The are two major TOEIC exams, one is a Listening & Reading exam and the other a Speaking & Writing exam. The TOEIC Listening & Reading exam has never claimed to measure any skills other than Listening or Reading.
So maybe the real moral to the story is that before running out and employing more people with TEFL experience, the government need to find people who know what they are talking about.
If you can’t get the basic facts right, why should anyone pay attention to anything else you have to say about ETS?
July 26th, 2008 at 1:38 pm
Never?
TOEIC is one of many things in life that you cannot understand without an understanding of history. How long has TOEIC had a speaking component and how many people take it?
July 26th, 2008 at 4:48 pm
Live by the sword, die by the feather, Alex. They’re all turning against you now.
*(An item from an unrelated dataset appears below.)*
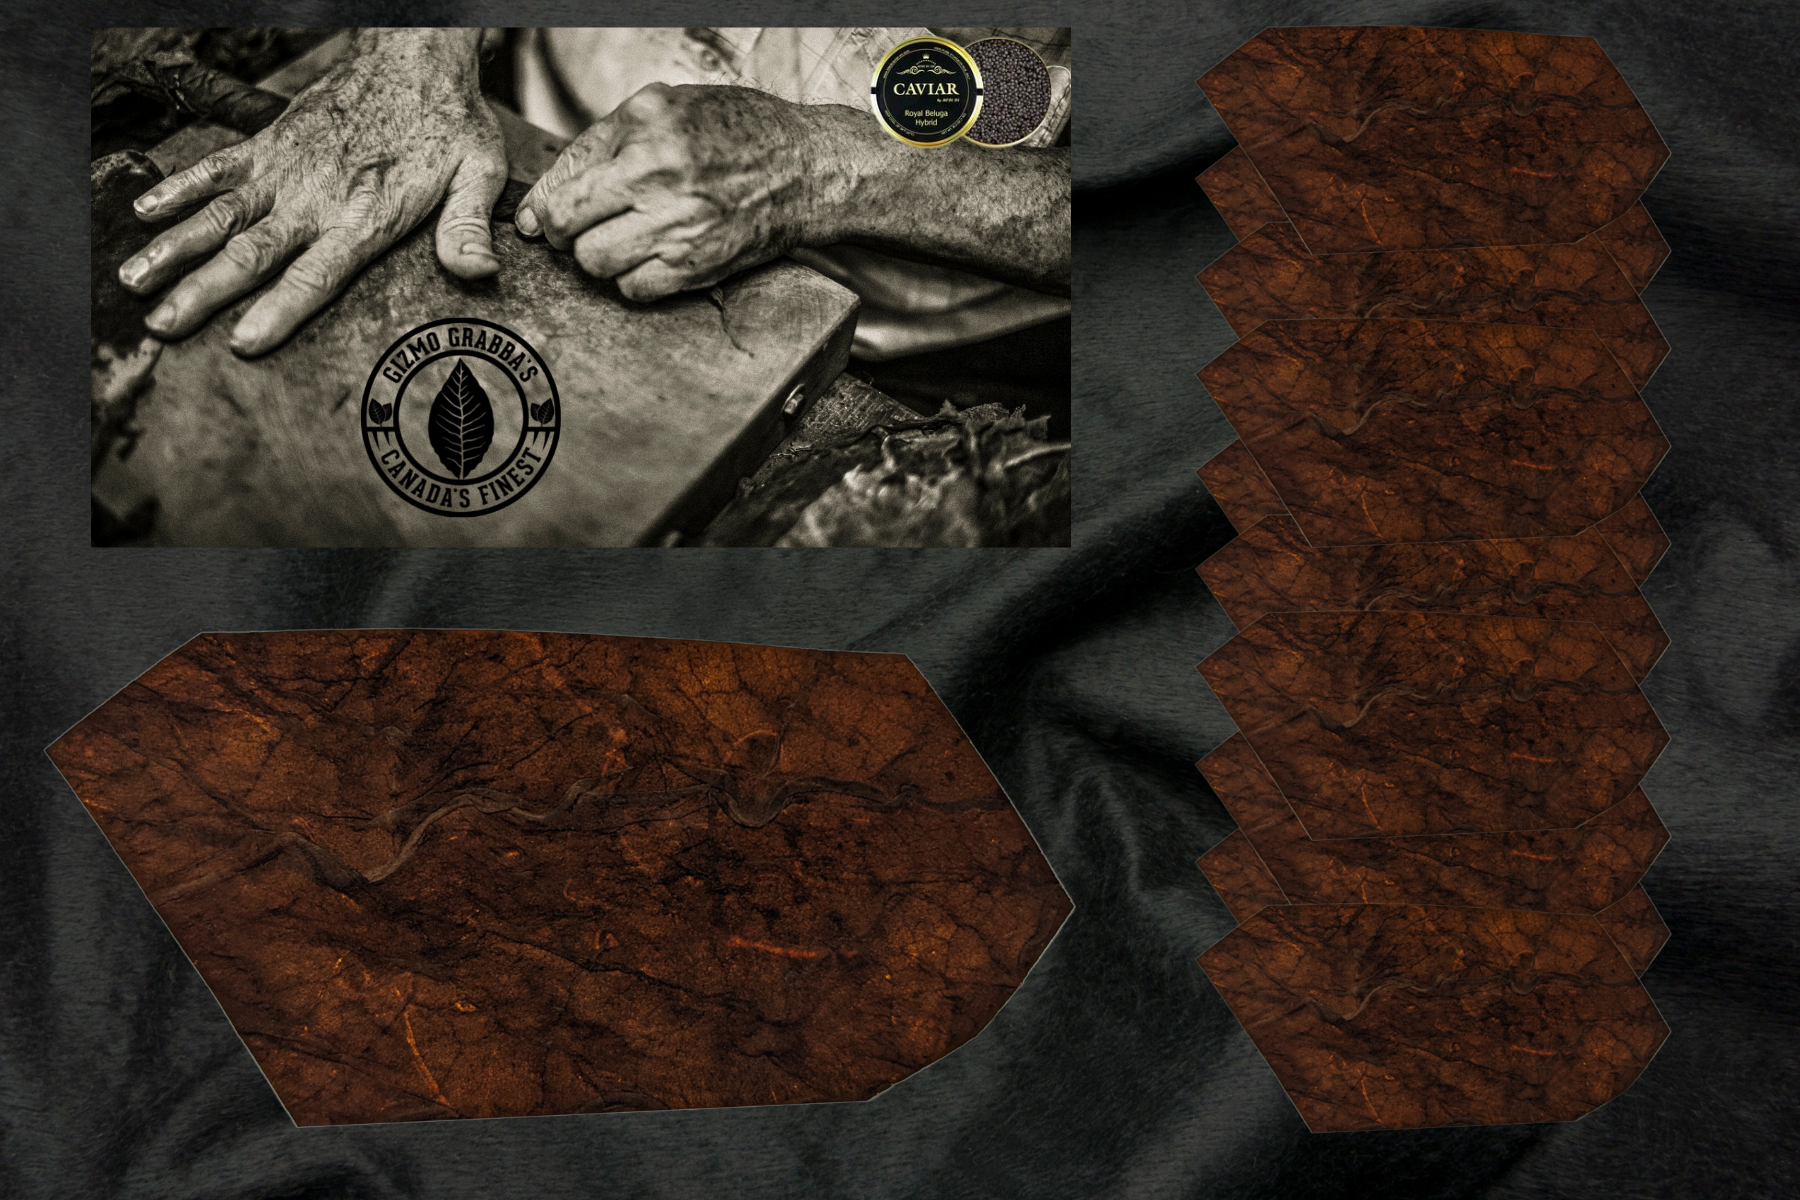 Grabba Leaf Cigar Wrap Pack of 25 – Tobacco Stock

July 28th, 2008 at 3:33 am
And what history is it that I need to understanding. Sorry, but that is a pretty presumptuous statement.
All I am saying is that if your are going to criticize something, learn the facts first. Minimally go to the ETS website and look the information up before you pontificate.
July 28th, 2008 at 6:45 am
Let’s start with an absolute irrefutable basic- the name. It’s the Test of English for International COMMUNICATION. And because it was supposed to be communicative is why it was taken on by the Japanese as a way of creating business men who could communicate, i.e. write and speak, in English. But the students do not communicate in the exam, and it remains a barrier to spending sufficient time doing those things in TOEIC classes, i.e. it has had precisely the opposite effect. All the rumours about the updated TOEIC exam is that it was a response to precisely that result- that there are people with good English with bad TOEIC scores and people with good TOEIC scores who can’t communicate. That is why they introduced an obligatory speaking test for every student.
…only joking (that’s IELTS, FCE etc), they just put in some longer listenings and a couple of Australian accents!
I don’t know what your connection to ETS is Mr Bottoms, but I have yet to meet anyone in ELT who has a good thing to say about TOEIC, including people who write TOEIC exam questions and TOEIC textbooks. For exactly the same reasons, TOEFL is rapidly losing ground to a test that shows students can speak and write before they try to join a foreign university. For these and other reasons, if the British government had asked me if ETS was a good choice, I could have advised them to run a mile. And the recent evidence proves that I would have been right.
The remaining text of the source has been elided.